その点に関しては、資料3の説明の際に、事務局からも問題提起させてい
ただきたいと思っております。
【村上部会長】
実は、専門部会の委員の中にも、青井高校を支援されている方がいら
っしゃいまして、この後の議事の中でも、取組については随時、御説明いただけると思い
ますので、議事を進めていきたいと思います。
先ほども説明したとおり、社会的・職業的自立支援教育プログラム事業と、中途退学未
然防止及び中途退学者等への支援事業という二つの枠組みで、青井高校に対する支援が行
われています。まずは、資料3に基づいて、社会的・職業的自立支援教育プログラム事業
についての説明を事務局からお願いいたします。
【事務局】
生徒の「社会的・職業的自立」を、都立高校改革推進計画の第一次実施計
画の中に盛り込み、社会的・職業的自立支援教育プログラムを系統的に導入する高校を増
やそうと、これまで取組を進めてきたという経緯があります。
そうした取組に最初に賛同してくださったのは、柳委員が当時学校長を勤めていた芦花
高校でした。

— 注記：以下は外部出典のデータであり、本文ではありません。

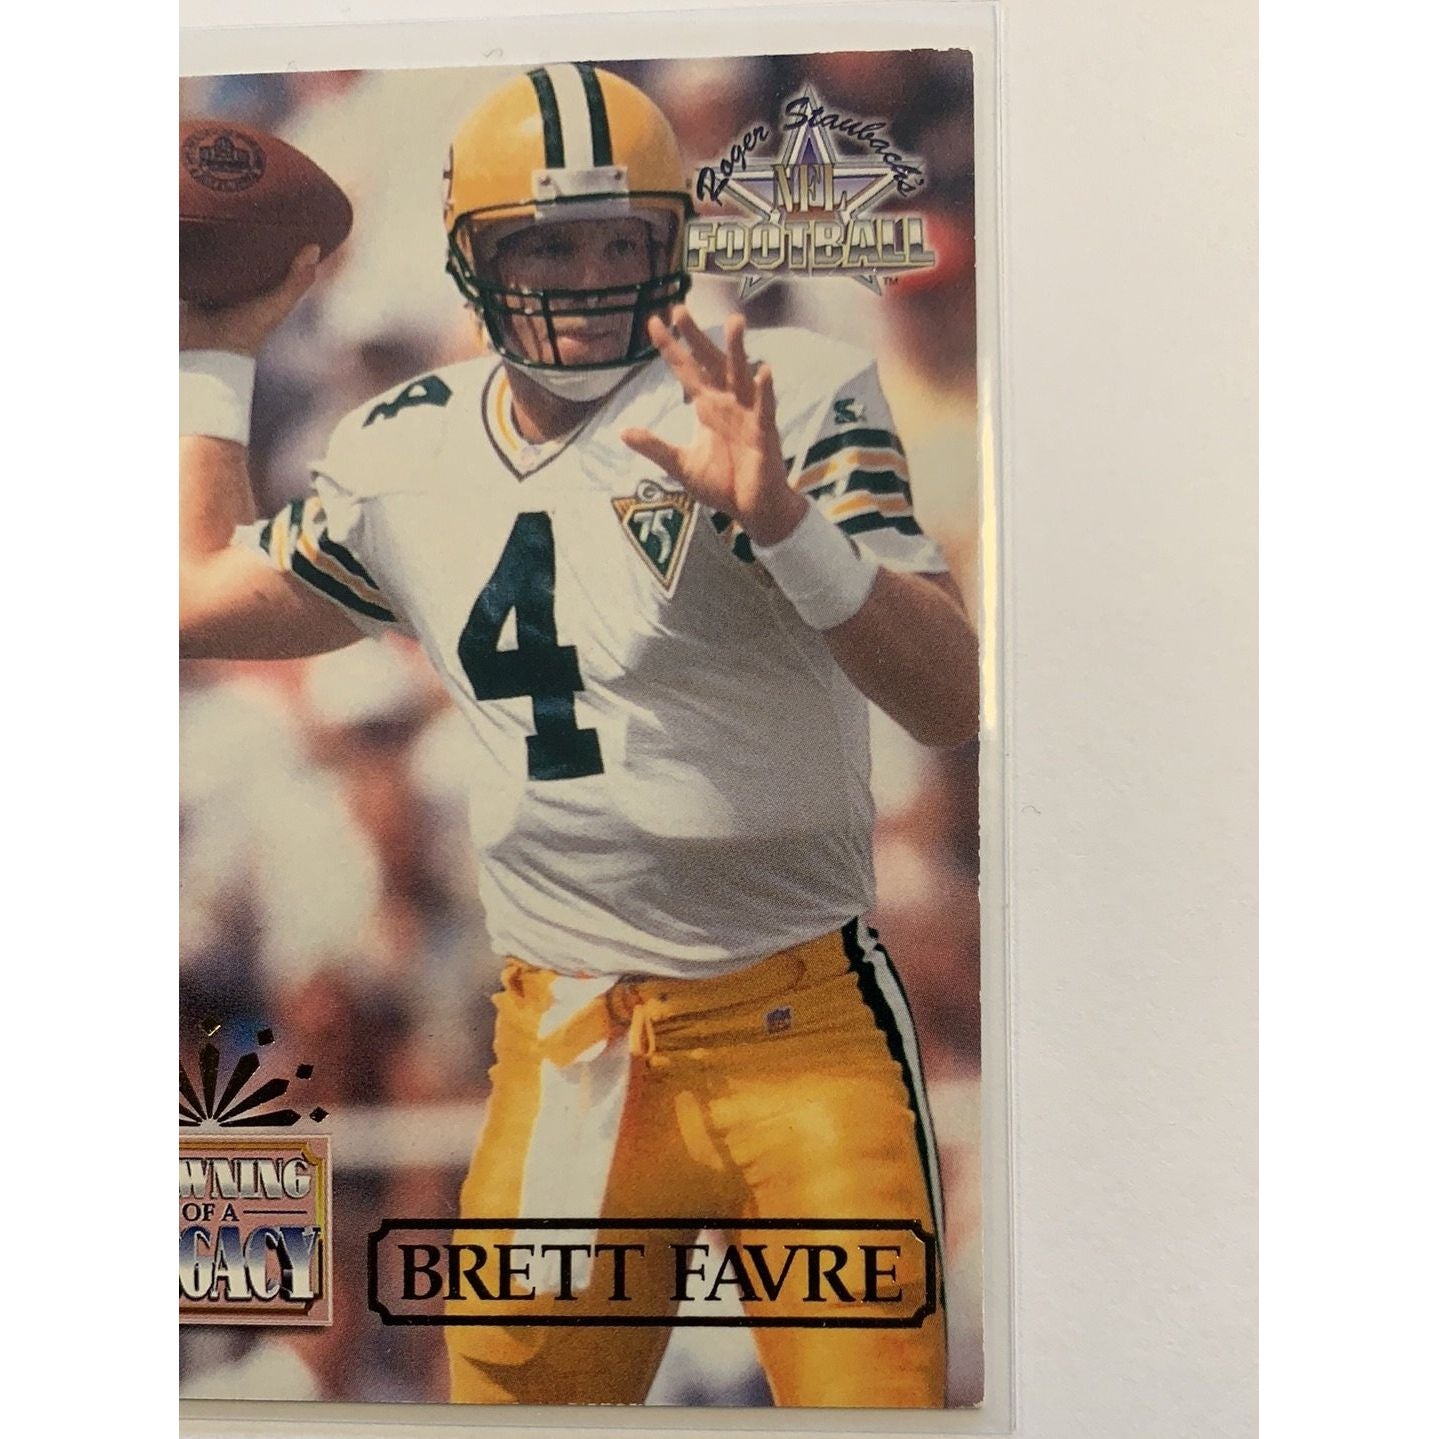  1994 Ted Williams Brett Favre Dawning of a Legacy  Local Legends Cards & Collectibles

私どもの中では、芦花高校での取組は非常にうまくいったと評価しておりま
すし、生徒たちの様子も良い方に変容していったと思っています。その手法を、より多く
の高校で展開できないかと考え、次の対象校として青井高校への支援を開始したという経
緯がございます。芦花高校でうまくいった方法を、いわゆる進路多様校でも通用するよう
にするにはどうすべきか、ということを考えながら、藤田校長、前任の根本副校長、現任
の加藤副校長、浦部主幹教諭と私とで、3年間を通して行う系統的なキャリア教育プログ
ラムを作ってみようという試みを、平成25年度から始めました。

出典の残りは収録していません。